First, let me break down the basics, for those who are novice programmers or frightened web site owners. Captcha is specifically a non-trademark of Carnegie Melon University, where a group of programmers elite scripted a method for reducing, or eliminating, unwanted injections to any web page. This was called Completely Automated Public Turing [to tell] Computers [and] Humans Apart. CAPTCHA. That is quite an interesting thing. How does an automated machine tell the difference between an automatic keyboard stroke and a human induced keyboard stroke? And here the fun begins. The keyboard. That poor, coffee-stained, crumb and eyelash laden attachment, that permits we humans to transform our thoughts into digital fandango! What the algorithm did was create an automated password system or security portal, to capture potential hacks, and stop them in their tracks. Think: a RAID© commercial for data driven web-pages. As of late, we have seen Captcha go steroids. But, no matter the bloated and vigorous attempt at security, that solution comes back to one thing: the password.

How The Solution Works?

So, how does the Captcha thing actually work? When a person enters or presses a key on the keyboard, a specific language command is executed and prints the keystroke into the input box. This box is designed to store the keys or characters entered until the return key is pressed and the information put through several tests behind the page. These tests are specifically designed to determine if the keys entered match the security code of the script, whether or not these keys contain unreadable characters, or if there are excessive characters -like programming code or hyperlinks- within. There are a few more tests the system performs, which I shall not indulge/bother you with. Point being, these keys or characters are a set of variables passed through pages, using scripts called security checkpoints. In short, a password checker.

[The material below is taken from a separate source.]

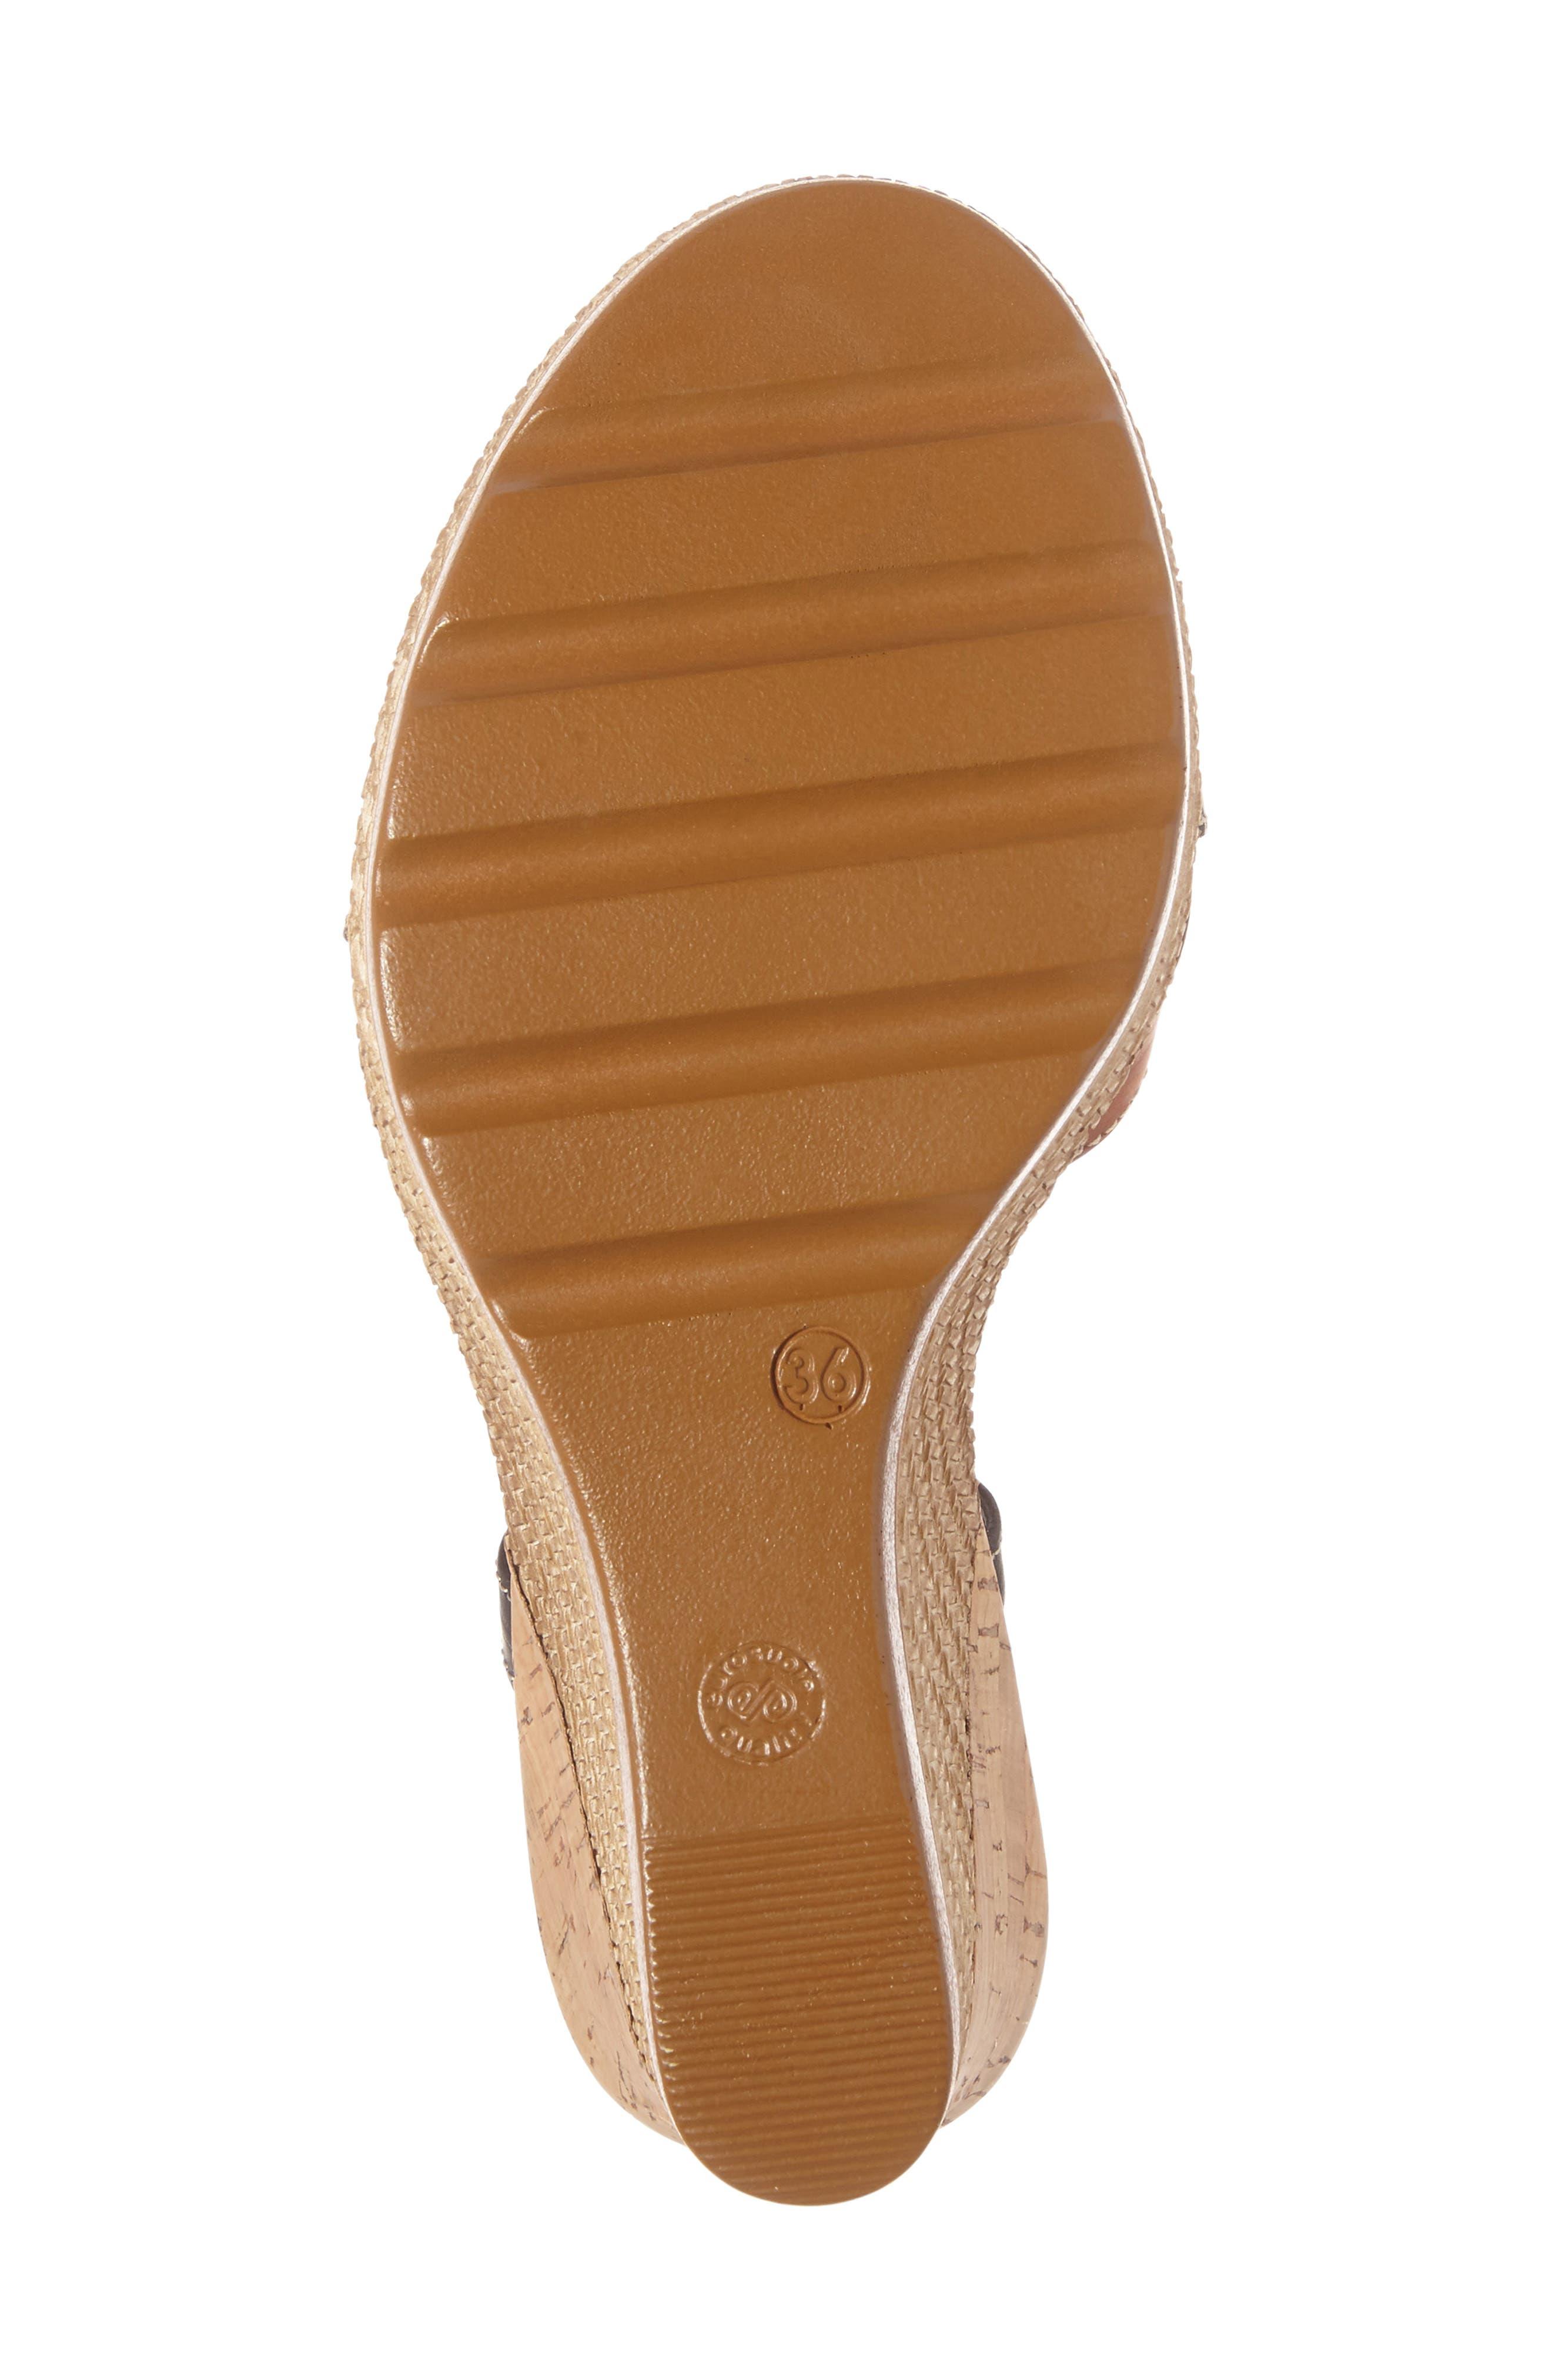 Modena Wedge Sandal,                             Alternate thumbnail 4, color,                             001
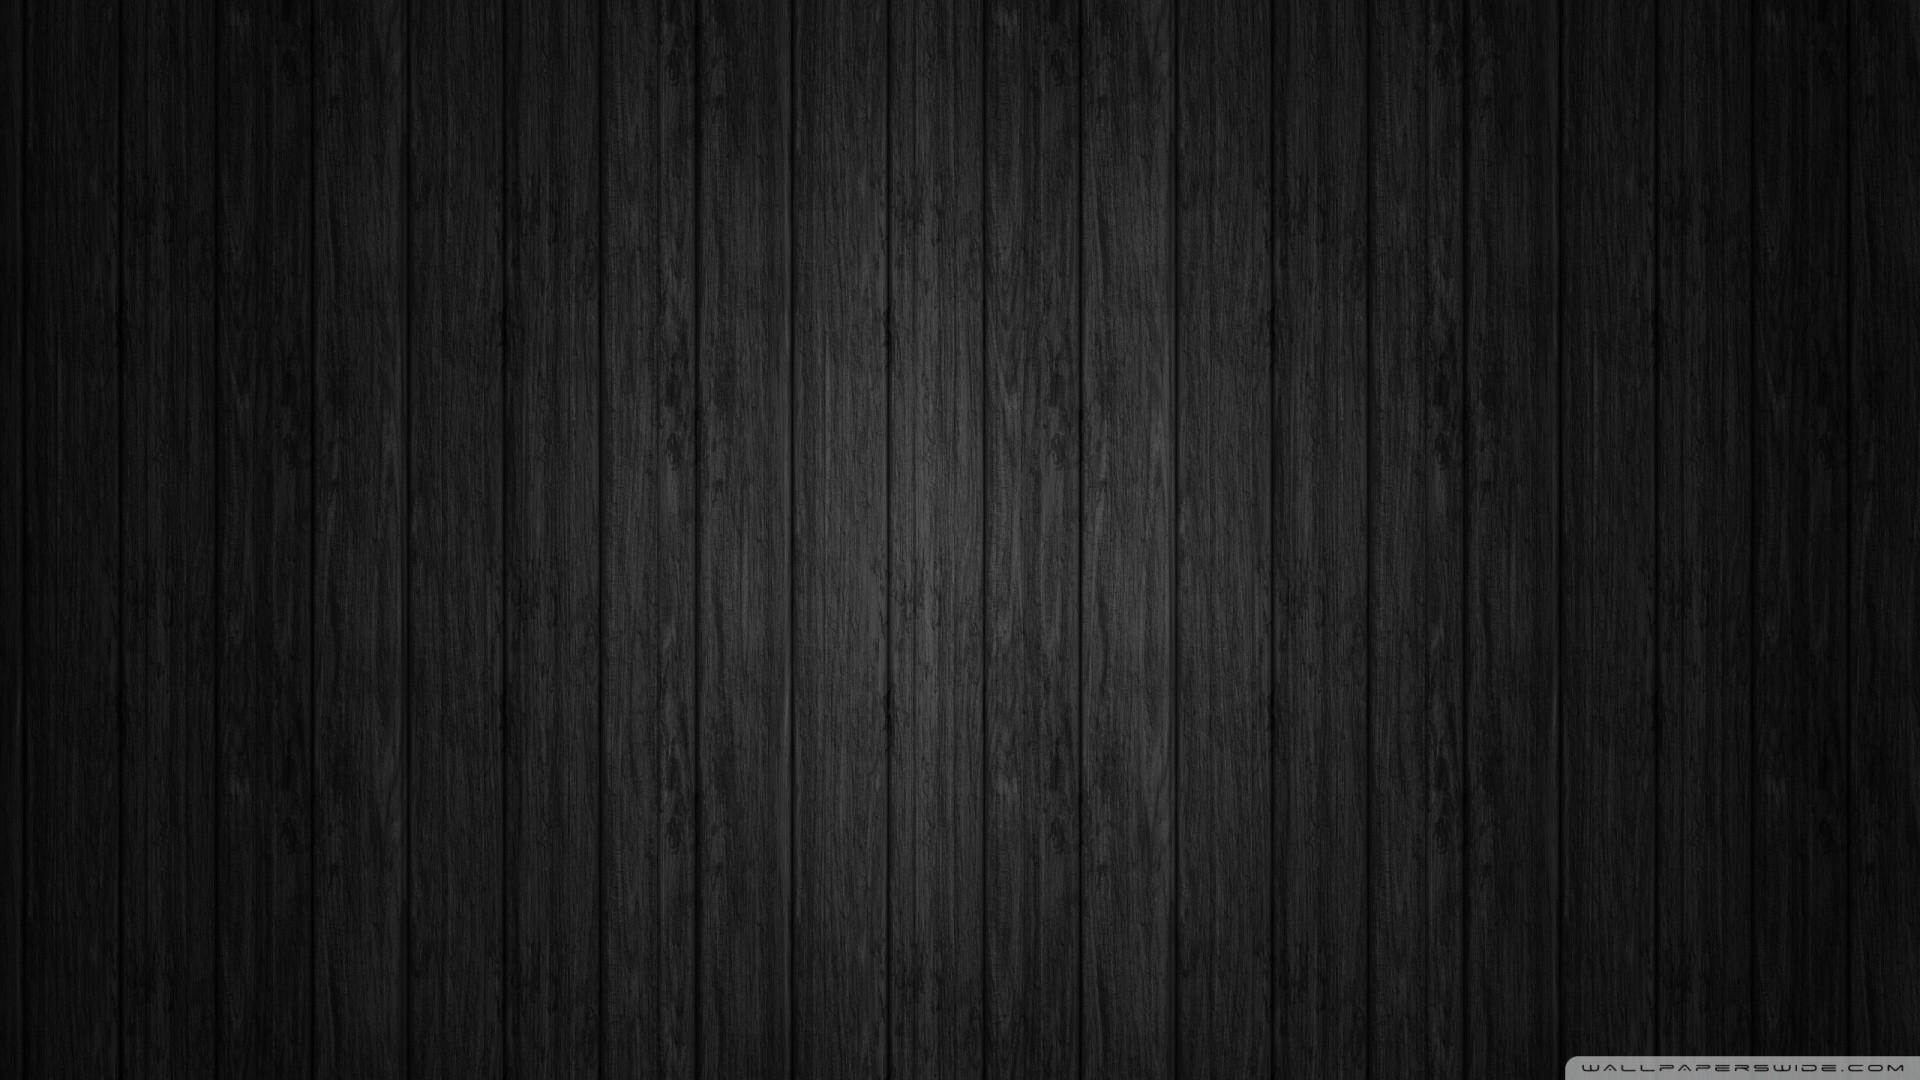 Black Hd Wallpaper 16 Free Hd Wallpaper. Black Hd Wallpaper  16 Free Hd Wallpaper

Sure, you can ask me –err, ASCII Anything

How does the algorithm/script determine what key is correct or incorrect? Ah, yes. Now that is the real question and what this article is destined to do: relieve some of that child-proof frustration. Your keyboards, actually all keyboards, essentially operate under the same system. This system of key-press or key-strokes is called ASCII.  ASCII (pronounced: a-ski) is an acronym for American Standard Code [for] Information Interchange. The core language is based on American English, used for most devices that print text. In fact, the origin of this code is telegraph. Yup, like Morse code. Then evolved from typewriters to these massive key-punch systems, and finally reduced to keyboard size, as personal computers became increasingly popular. ASCII has also been revised for non-English speaking keyboards, but the code per stroke remains the same. In essence, each button on your keyboard has a digital command behind it, be it in Russian, Cantonese or Arabic. Some of these commands are non-print or non-character based, others are print or character based. Some, as you might have guessed, can be combined to form other commands or changes in characters. A good example is simply pressing the F1 key, which is a command to open the help desk of your machines operating system or pressing the CAPSLOCK, transforming the letter “a” into “A”.

The ASCII code comes in a variety of methods used, like ASCII Art, which uses characters to form Images or extended codes like Unicode, which have more characters in their system. The standard ASCII contains 128 units. Of those 128 units, 95 are considered printable characters. The remaining 33 are non-print characters, like BACKSPACE, RETURN, NULL, etc. So, it is in the ASCII 95 that the use of Captcha is -or was- used. It is precisely within these 95 characters that all passwords are generated. In essence, you could create a password that is 95 char long with a probable 9,025 password variations, using the ASCII 95. Wow, that is a lot of combos! Indeed. But, machines are “smart”, meaning the people who designed ASCII, Captcha, passwords and web pages are the same kind of people who invented robots -and are the same kind of people known as hackers or phreaks. So, why all the fuss, if ASCII can produce 9,025 variations of characters? Wouldn’t this alone hinder security breaches in web pages? It can, and does. But, invention is one of those things. Especially for programmers, perfecting the invention is often more fun than the original. What more fun could there be than competing against other like-minded individuals making the process challenging on higher levels? Captcha took on a new level by introducing a very strange kind of password system. What do I mean? Well, look at any web page. What is the first thing you notice about it, besides the striking images? Still guessing? Hmm. Give you a hint. Your reading it right now. Ding! The text.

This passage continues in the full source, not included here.